Measurement of circulating AVP is problematic due to its short half-life, instability, and cumbersome detection methods . In contrast, copeptin is a stable fragment that is located at the C terminal of provasopressin. Copeptin levels directly mirror AVP levels because of its stoichiometric synthesis.
ROLE IN SEPTIC SHOCK
Low levels of vasopressin are found in patients with septic shock. Prior to VASST trial, there were several experimental studies regarding use of vasopressin in septic shock. VASST trial showed that low-dose vasopressin did not reduce mortality rates as compared with norepinephrine in septic shock but a later analysis showed patients with less severe septic shock had a better survival outcome when low dose AVP therapy was administered. Also showed that there was a 50% reduction in end-stage renal failure in the AVP group and dialysis requirement.
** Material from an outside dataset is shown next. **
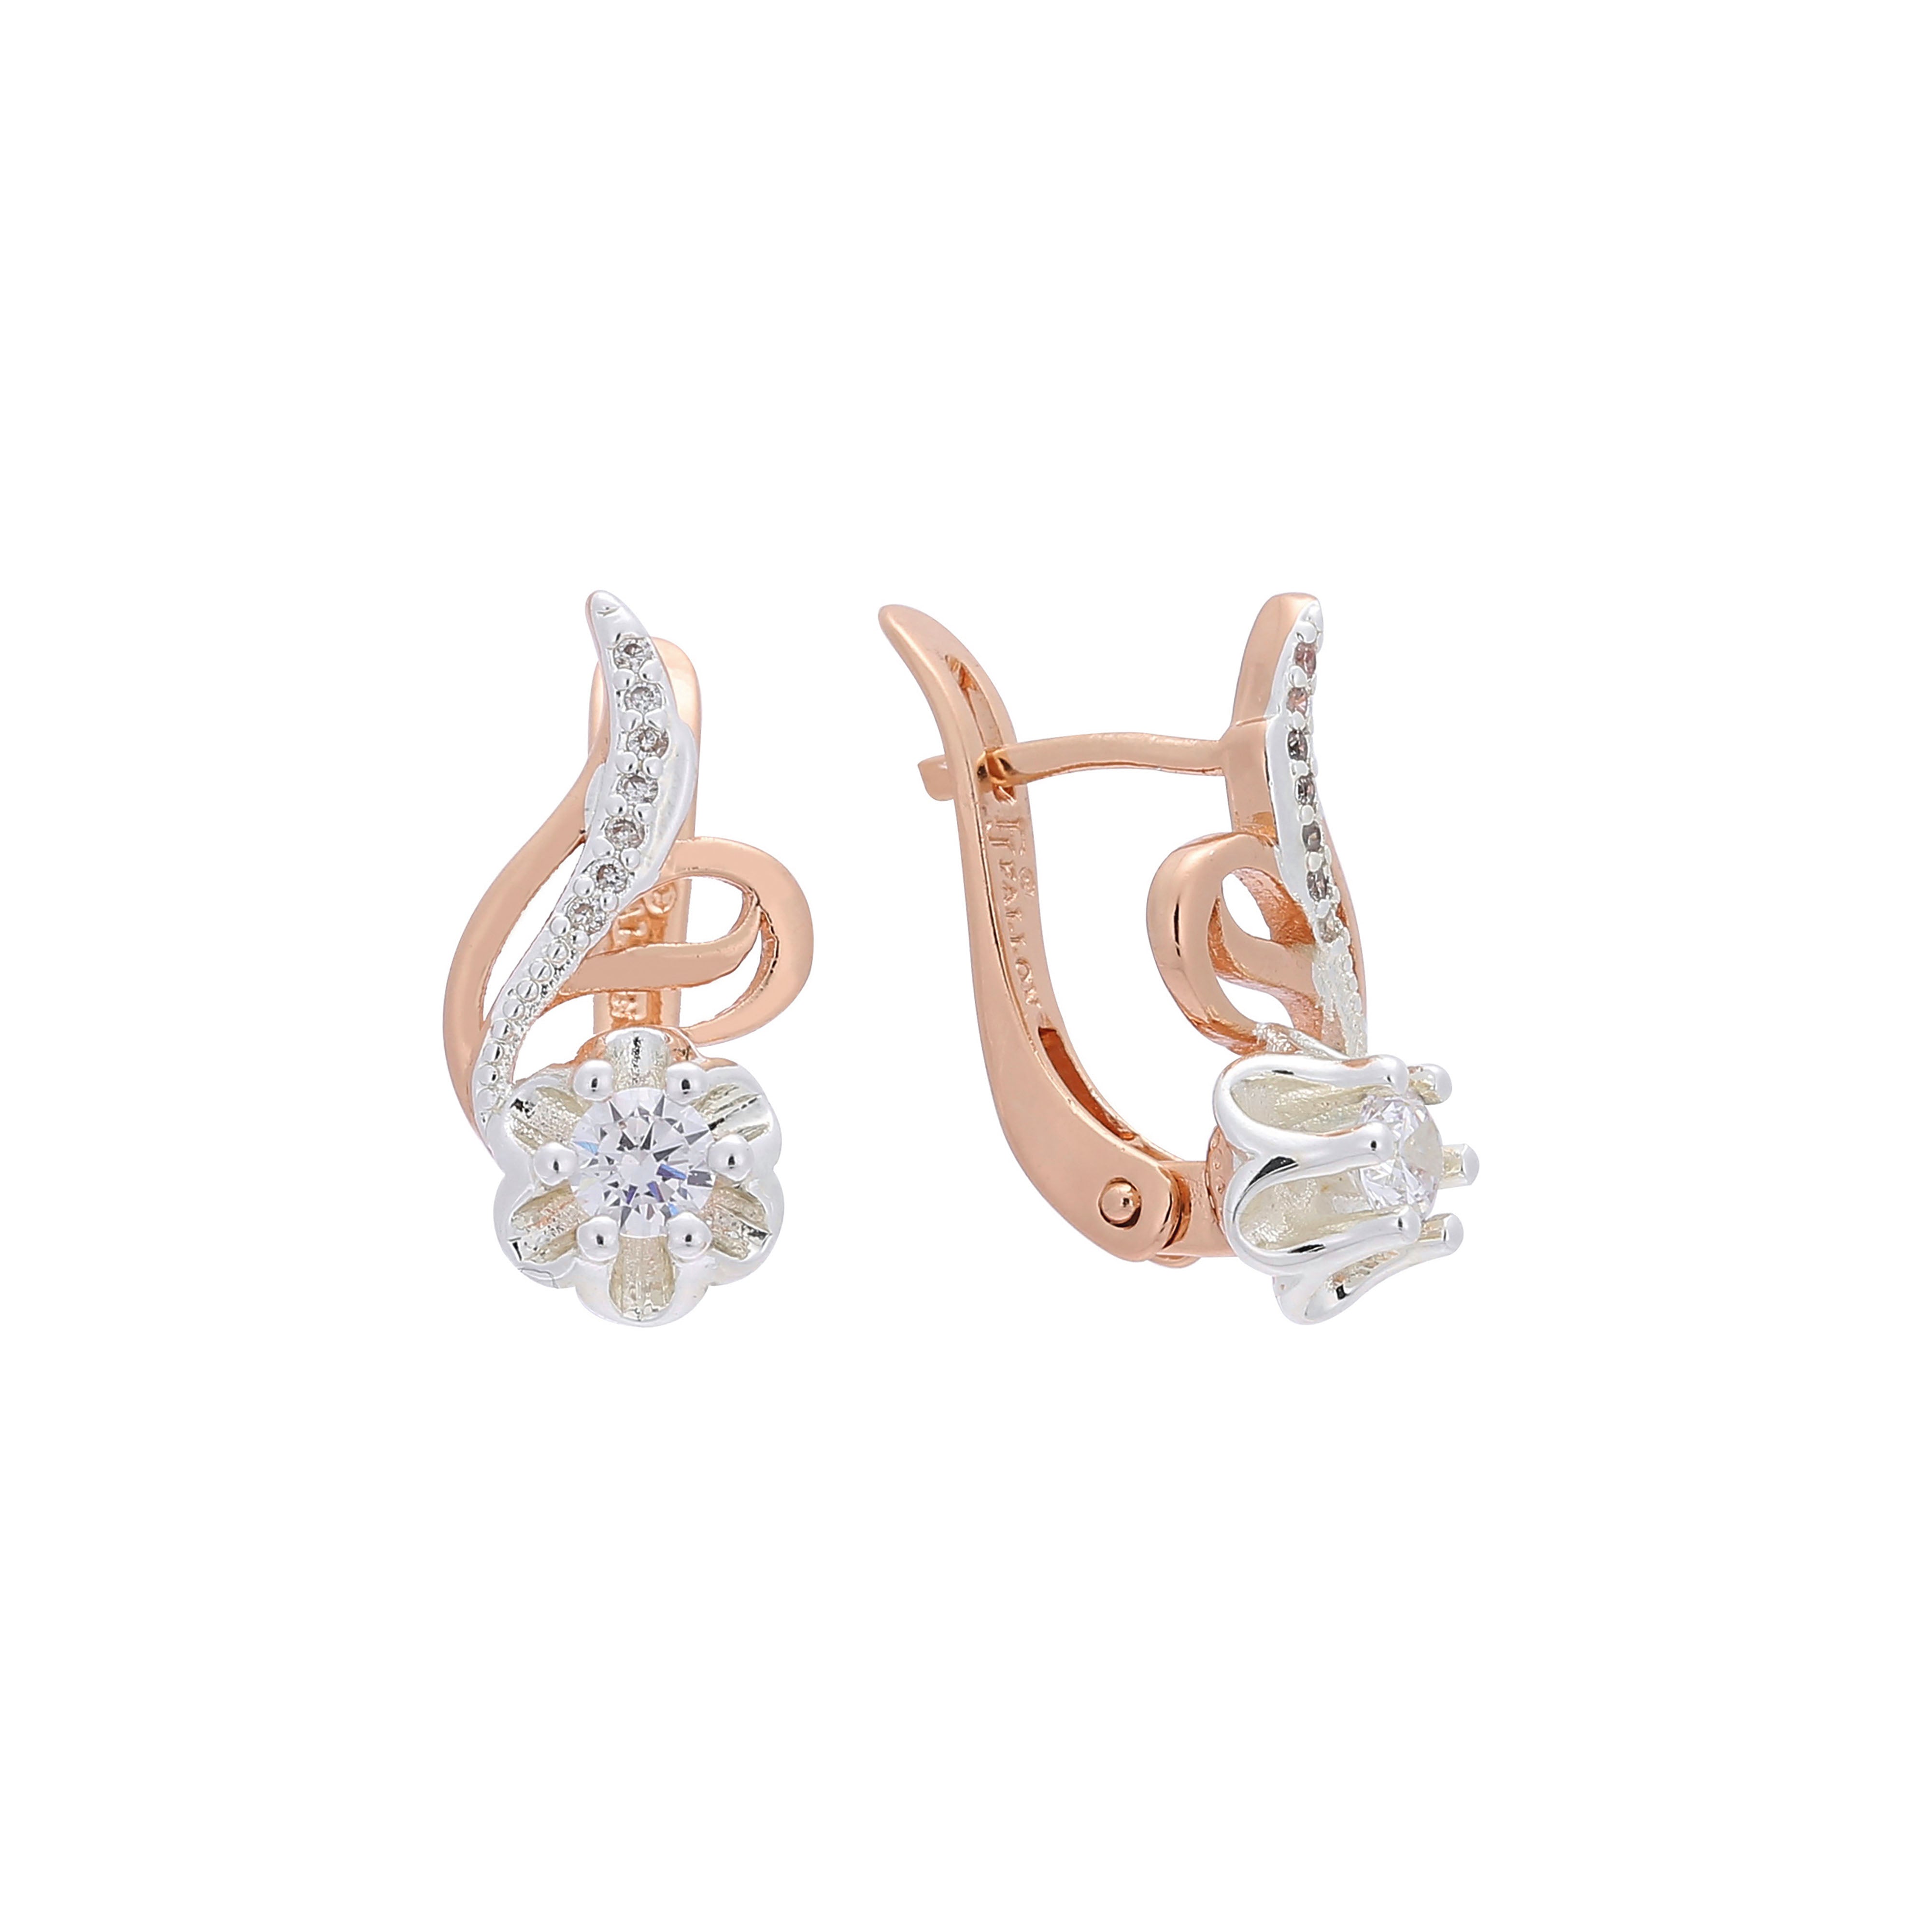 Solitaire flower stone earrings in 14K Gold, Rose Gold, two tone plating colors

VANCS trial showed that vasopressin can be used as a first-line vasopressor agent in postcardiac surgery vasoplegic shock and improves clinical outcomes.
VANISH trial (Effect of Early Vasopressin vs Norepinephrine on Kidney Failure in Patients With Septic Shock) showed that among adults with septic shock, the early use of vasopressin compared with norepinephrine did not improve the number of kidney failure-free days.
At present, at the standard therapeutic dose, vasopressin is considered a “catecholamine sparing”
agent in severe sepsis, and is used most often in conjunction with norepinephrine.
Early introduction of vasopressin in patients with septic shock who have adequately volume resuscitated may lower the incidence of atrial fibrillation as well as renal failure. However, once patients are stable, its better to taper vasopressin first.